# Happy Birthday Hawkchucker



## Vlad (Aug 2, 2005)

Happy Birthday !! Woo Hoo, that means you get Halloween goodies, I hope, lol


----------



## Fangs (Jun 6, 2006)

Happy Birthday Hawkchucker!! Did you get lots of skellies the other day when you went to your Halloween Outlet?? Hope you got everything you wanted for your big day today! :devil:


----------



## Moon Dog (Oct 3, 2006)

Have a great one!


----------



## Lilly (Jun 13, 2006)

Happy BDay Hawkchucker
hope it's a good one.


----------



## Black Cat (Aug 20, 2005)

Hope you have a great Birthday Hawkchucker.


----------



## Frighteners Entertainment (Jan 24, 2006)

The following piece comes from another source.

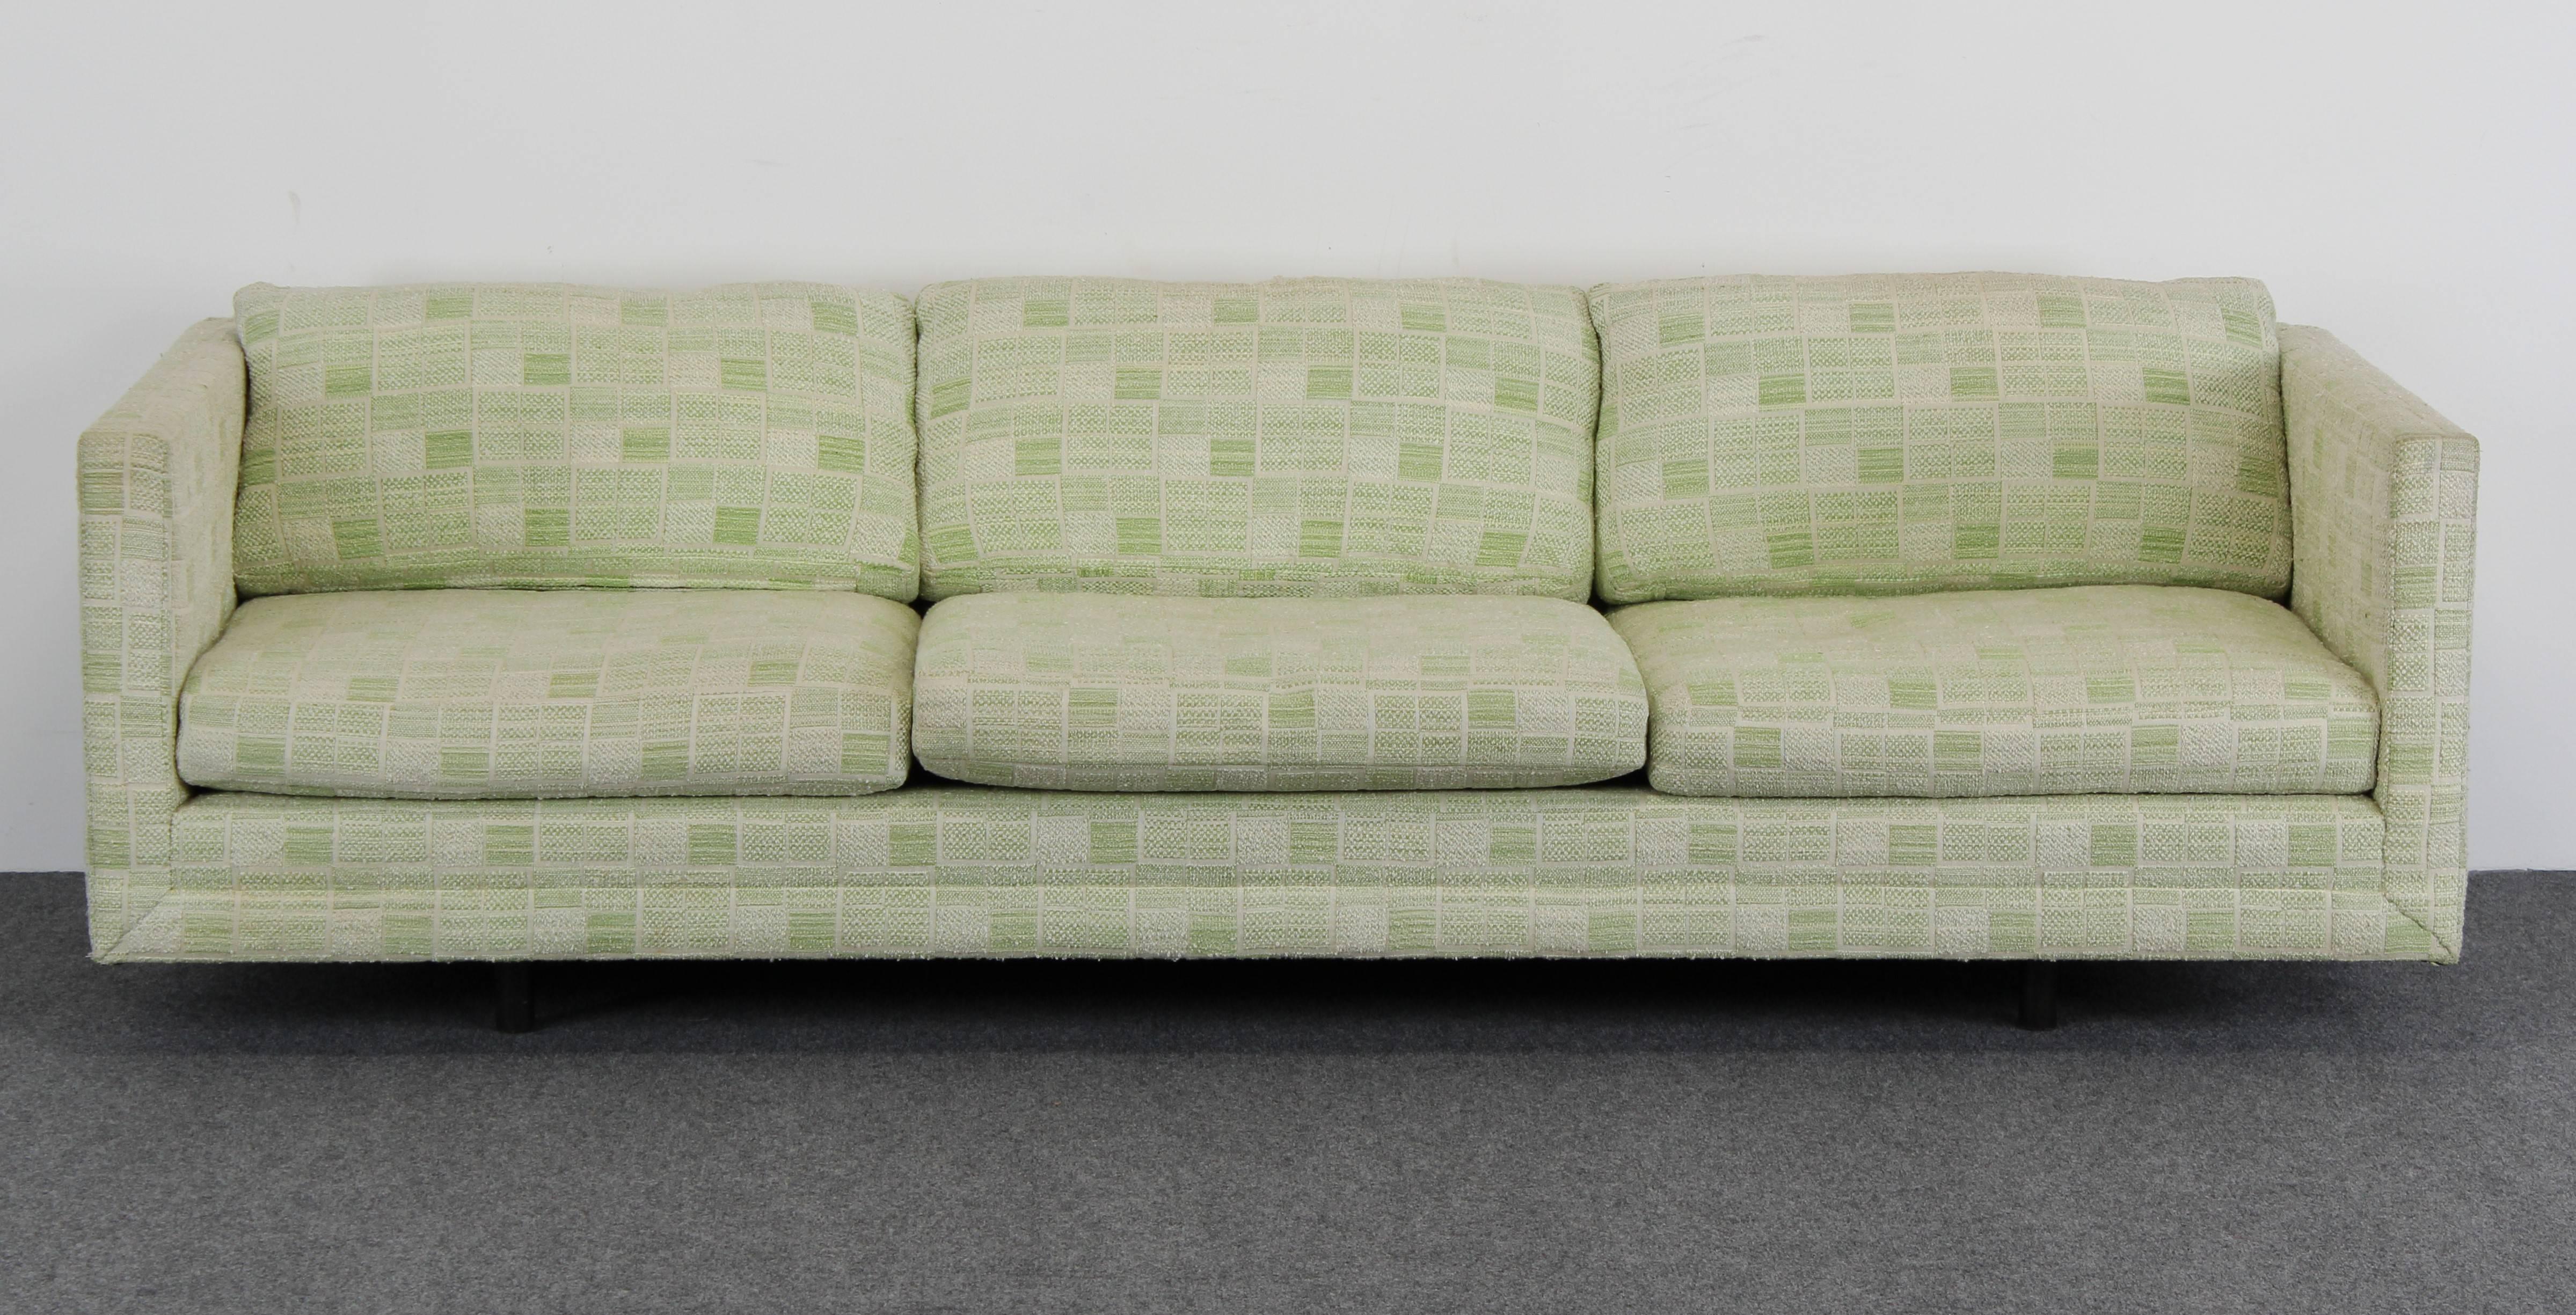 A three-seat Tuxedo sofa, circa 1960s by Harvey Probber. Original green fabric labeled Harvey Probber. The sofa rests on four wood dowel legs. Fabric shows signs of wear. New upholstery recommended. Measures: Seat height is 15
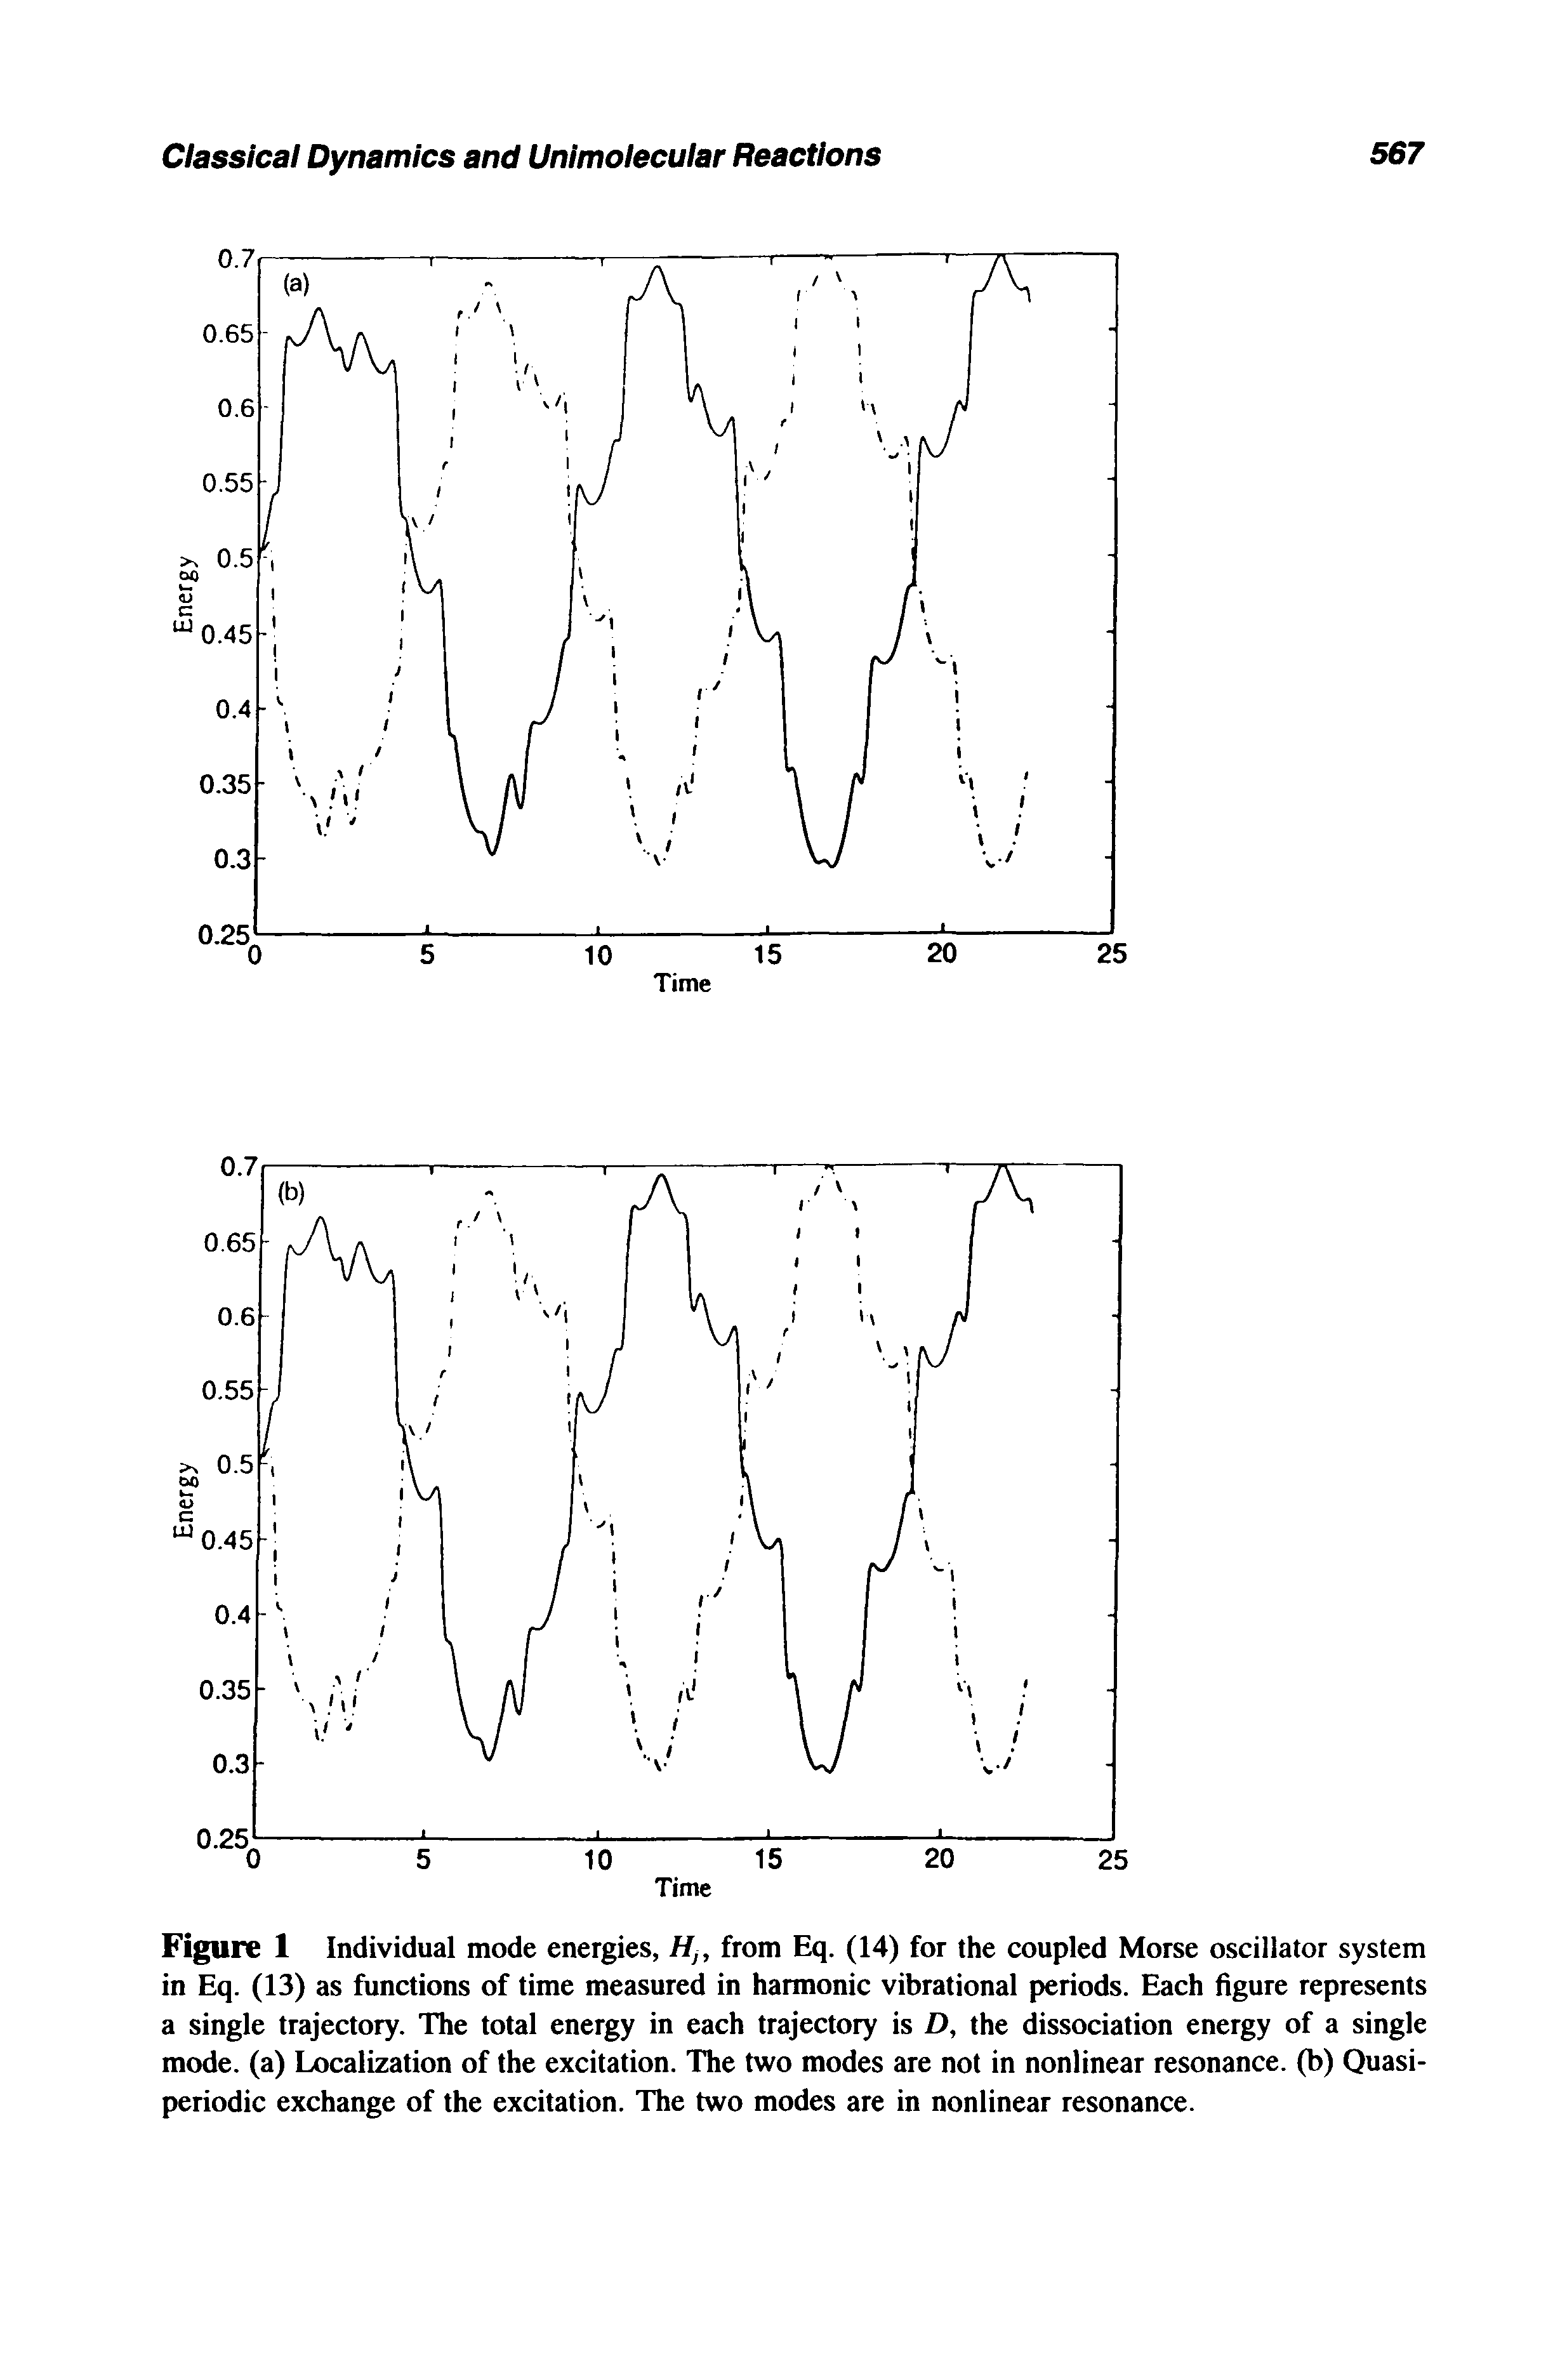 Figure 1 Individual mode energies, Hn from Eq. (14) for the coupled Morse oscillator system in Eq. (13) as functions of time measured in harmonic vibrational periods. Each figure represents a single trajectory. The total energy in each trajectory is D, the dissociation energy of a single mode, (a) Localization of the excitation. The two modes are not in nonlinear resonance, (b) Quasi-periodic exchange of the excitation. The two modes are in nonlinear resonance.

Hope it's everything you imagined!


----------



## ScareShack (May 26, 2006)

Have a Happy Birthday!


----------



## Ghostess (Aug 21, 2005)

Happy Birthday!


----------



## Spookineer (Aug 20, 2006)

Happy Birthday Hawk!


----------



## turtle2778 (Jul 9, 2006)

Happy BIRTHDAY HAWKCHUCKER!!


----------



## Zombie-F (Apr 12, 2004)

Happy birthday Mr. Chucker. :googly:


----------



## Ghoulbug (Apr 24, 2007)

Happy Birthday!!


----------



## BuriedAlive (Jun 8, 2006)

Hb, Hc.


----------



## Bloodhound (Oct 16, 2007)

*Enjoy!!!*

Happy Birthday!


----------



## Lauriebeast (Feb 27, 2007)

Happy Birthday to you!


----------



## SpectreTTM (Aug 22, 2005)

Happy Birthday big Guy.

I hope you have a good one.


----------



## pyro (Oct 7, 2006)

happy birthday hawk


----------



## hawkchucker (Oct 5, 2007)

Very Good one! I got me a new Gas grill, and a couple gift cert. Plus tommorrow I go to Halloween outlet to spend some cash!!!!!!!!!!!!!!


----------



## Frighteners Entertainment (Jan 24, 2006)

SwEEEEt!


----------



## scareme (Aug 29, 2006)

Happy Birthday to you!
Happy Birthday to you!
Happy Birthday dear Hawkchucker!
Happy Birthday to you!


----------



## Lotus (Nov 12, 2004)

Happy Birthday


----------



## PrettyGhoul (Oct 7, 2005)

*Happy Birthday Hawkchucker!!*


----------